His uncertainty was signally apparent. So was his disappointment.
“And you cannot bring her back here.”
Again he looked away.
“Don’t do it. Don’t bring her back to suffer that humiliation. To live where she had once been in service, to live as you have lived—controlled and cowering.”
“Claire!”
“Promise me, Archer.”
“Certainly you don’t mean to just let her go?” he asked of her. “You will find her?”

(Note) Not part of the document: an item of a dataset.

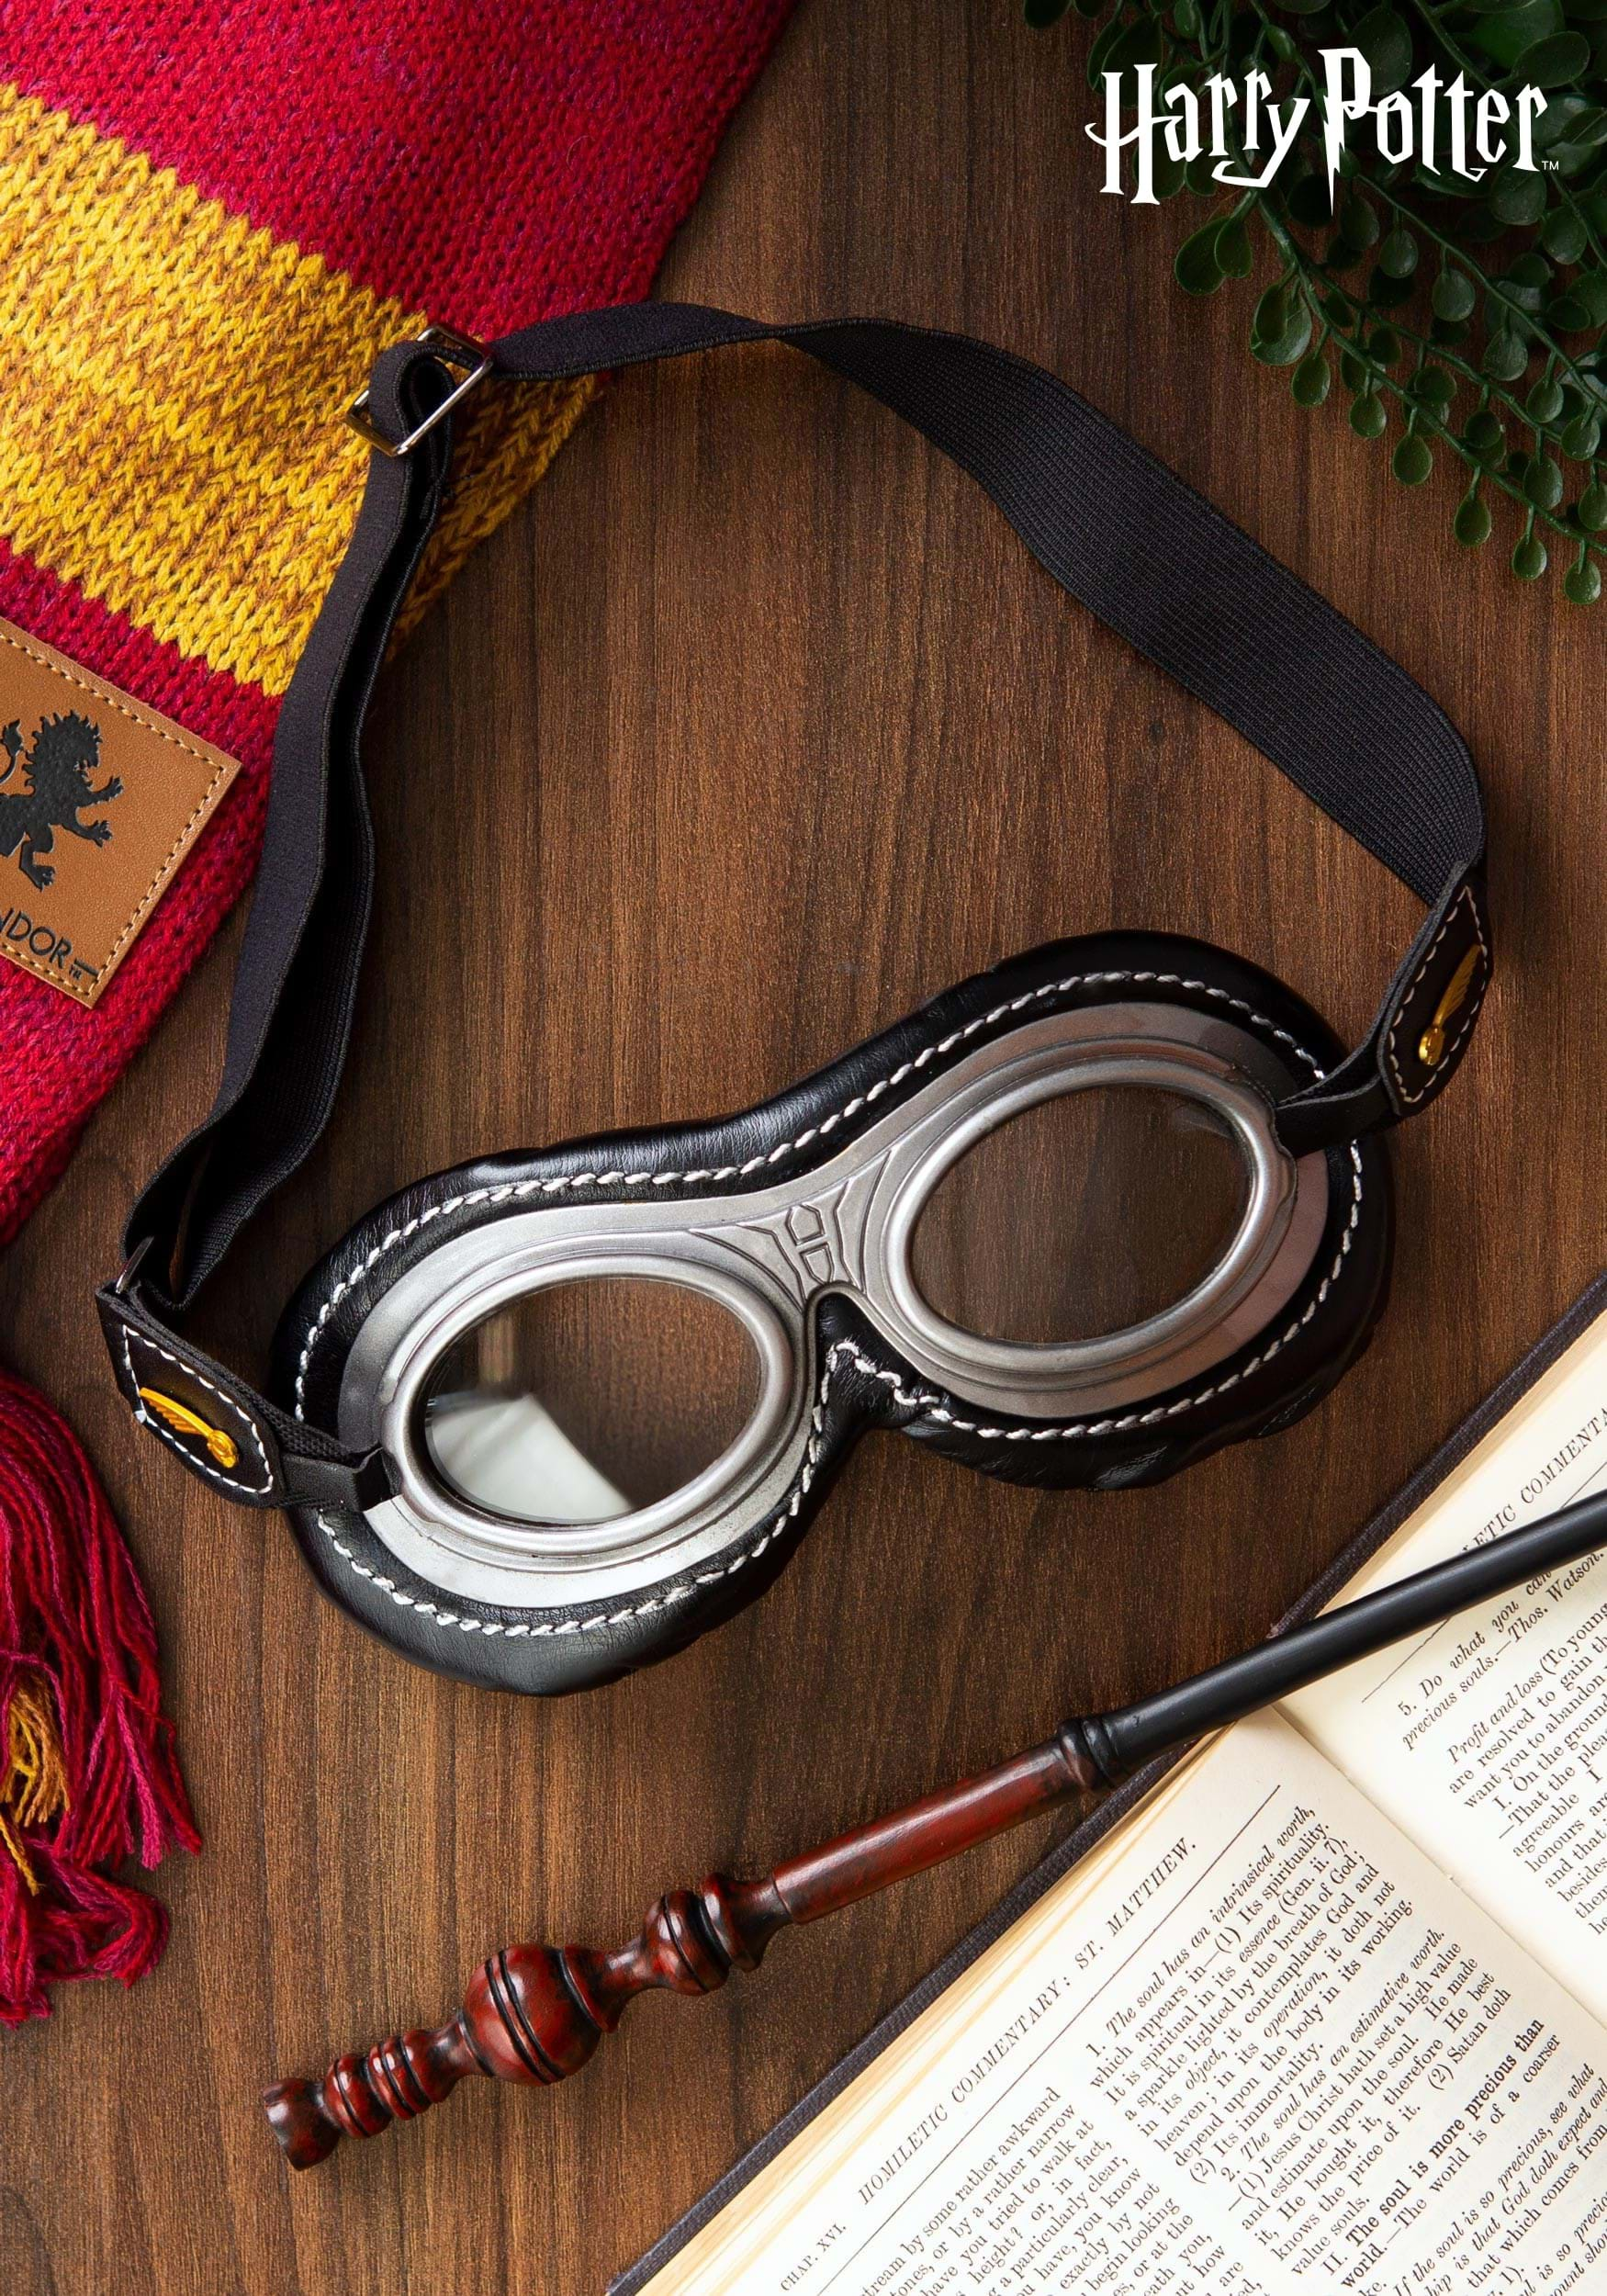 Wizard Quidditch Goggles EL301430
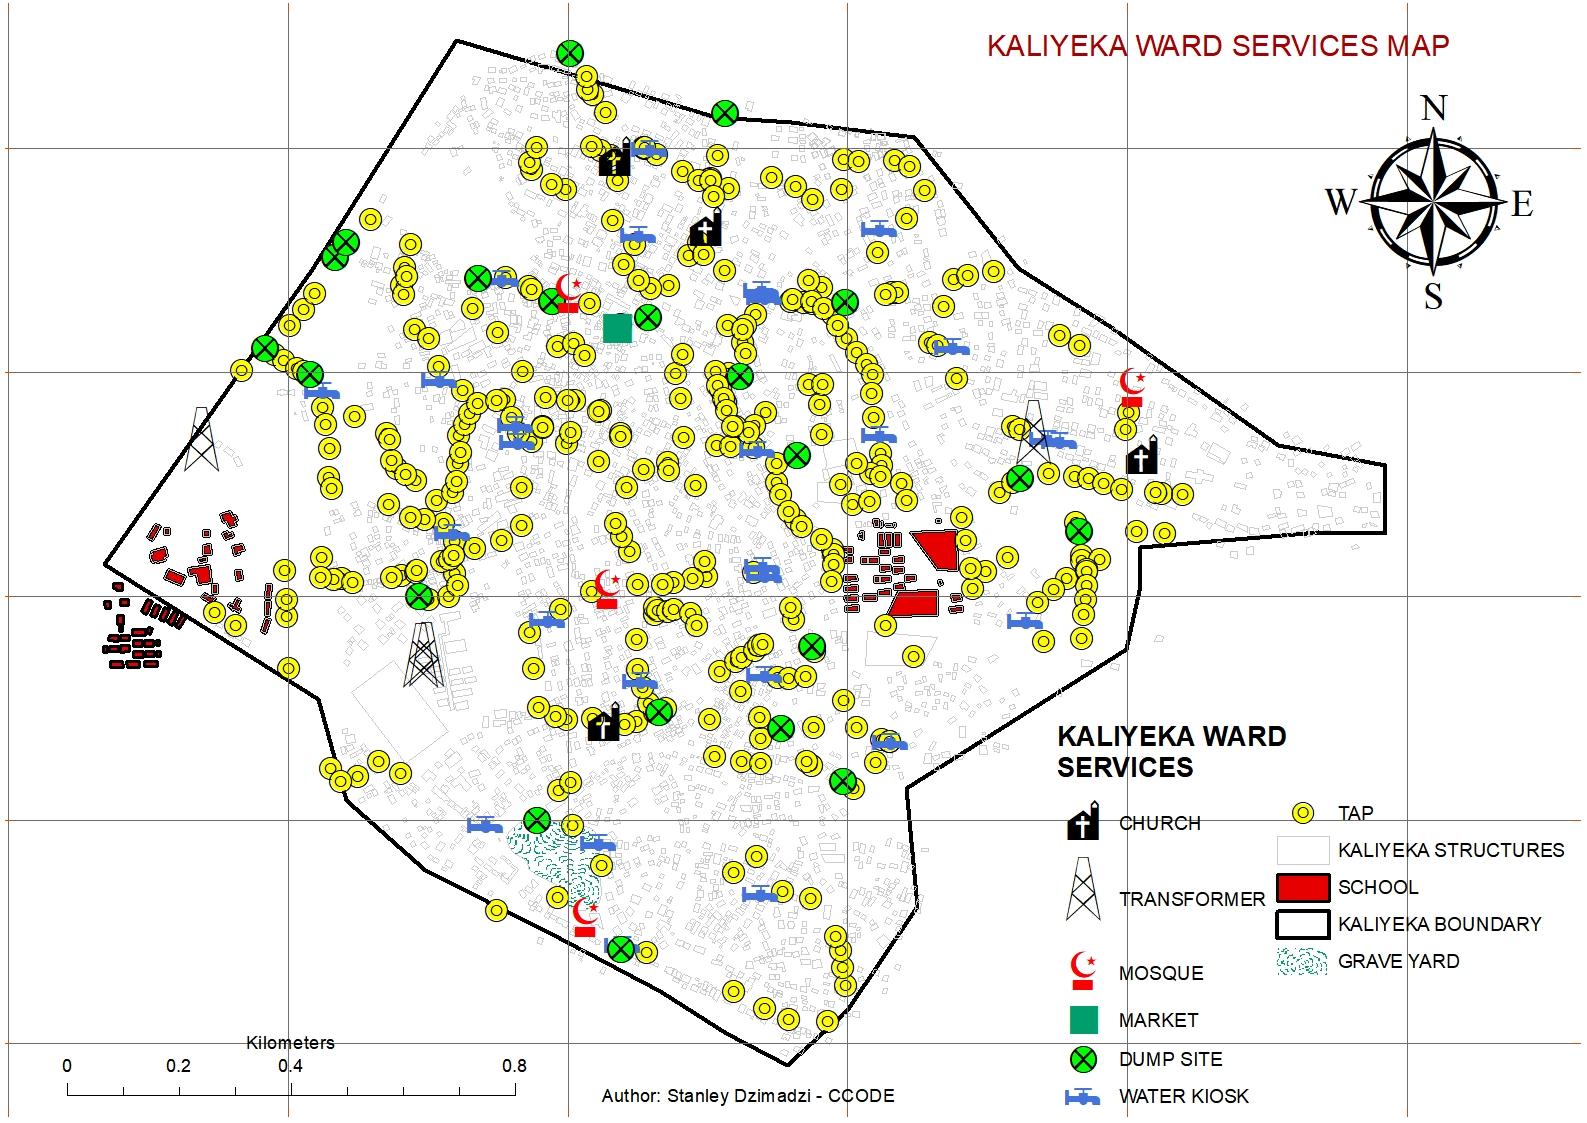 KALIYEKA SERVICES MAP

“I will do everything in my power, yes.”
“And when you do?”
“I can make you no promises.”
“Claire.”
“You have your future to think of. Then we shall see. But we are talking of trifles as far as I’m concerned. It is her and her alone I am thinking of. It’s possibly my fault her family has come for her now. If I had not planned to take her away… If I had not encouraged you… I think your uncle would not have interfered. Or at least not so soon.”
“He has done this?”
“He has plans for you, Archer. As you and I both know. If you mean to separate yourself, you’ll have to do it quickly. Quickly, but very carefully. He’s not one to be underestimated. He has a firm hold on you, and if he can, he’ll keep it that way.”
He seemed to consider this. It was the most she could hope for.
“Goodbye, Archer.” She turned from the room and left him, all alone and to his own thoughts.
Archer, defeated, threw himself back into his chair. His uncle had sent her back to her family? Had she left them willingly, then? What on earth could be so bad as to make a life of servitude a welcome alternative? But if she did not want to return… London. What were the odds of finding one woman in a city of nearly four million? To the devil with the odds! She would be found.